[What needs to be done] The result should consist solely of the line containing "Maria Vallejo, PhD" and the lines that follow it below, each reproduced exactly, the last line included.

(Data records)
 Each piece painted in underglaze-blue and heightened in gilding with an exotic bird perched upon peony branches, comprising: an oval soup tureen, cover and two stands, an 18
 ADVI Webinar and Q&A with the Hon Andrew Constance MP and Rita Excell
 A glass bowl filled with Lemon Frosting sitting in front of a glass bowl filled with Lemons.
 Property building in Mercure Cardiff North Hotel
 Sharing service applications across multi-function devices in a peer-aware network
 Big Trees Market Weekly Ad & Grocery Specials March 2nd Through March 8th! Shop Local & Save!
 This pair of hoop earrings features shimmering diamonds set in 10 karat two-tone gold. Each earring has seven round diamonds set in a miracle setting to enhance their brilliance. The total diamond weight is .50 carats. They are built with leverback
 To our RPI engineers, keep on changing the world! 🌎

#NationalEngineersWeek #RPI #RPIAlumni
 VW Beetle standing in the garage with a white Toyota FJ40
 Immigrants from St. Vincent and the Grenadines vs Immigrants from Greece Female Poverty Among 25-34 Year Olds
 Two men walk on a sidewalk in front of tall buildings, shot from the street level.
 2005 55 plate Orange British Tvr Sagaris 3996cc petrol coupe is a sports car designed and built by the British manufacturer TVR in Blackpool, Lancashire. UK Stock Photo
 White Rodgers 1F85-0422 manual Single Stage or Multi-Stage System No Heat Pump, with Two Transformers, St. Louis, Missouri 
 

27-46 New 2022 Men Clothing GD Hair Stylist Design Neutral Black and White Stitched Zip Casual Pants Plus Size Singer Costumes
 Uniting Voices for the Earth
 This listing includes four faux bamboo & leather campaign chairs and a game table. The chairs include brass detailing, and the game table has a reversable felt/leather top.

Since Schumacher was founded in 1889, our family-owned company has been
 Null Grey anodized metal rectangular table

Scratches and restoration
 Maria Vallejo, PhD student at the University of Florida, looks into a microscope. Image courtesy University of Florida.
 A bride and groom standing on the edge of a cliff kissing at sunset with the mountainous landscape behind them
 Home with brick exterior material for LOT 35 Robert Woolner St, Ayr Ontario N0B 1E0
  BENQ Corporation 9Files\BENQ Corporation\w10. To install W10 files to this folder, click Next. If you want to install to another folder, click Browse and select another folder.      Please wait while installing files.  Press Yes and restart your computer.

[Answer to this problem]
 Maria Vallejo, PhD student at the University of Florida, looks into a microscope. Image courtesy University of Florida.
 A bride and groom standing on the edge of a cliff kissing at sunset with the mountainous landscape behind them
 Home with brick exterior material for LOT 35 Robert Woolner St, Ayr Ontario N0B 1E0
  BENQ Corporation 9Files\BENQ Corporation\w10. To install W10 files to this folder, click Next. If you want to install to another folder, click Browse and select another folder.      Please wait while installing files.  Press Yes and restart your computer.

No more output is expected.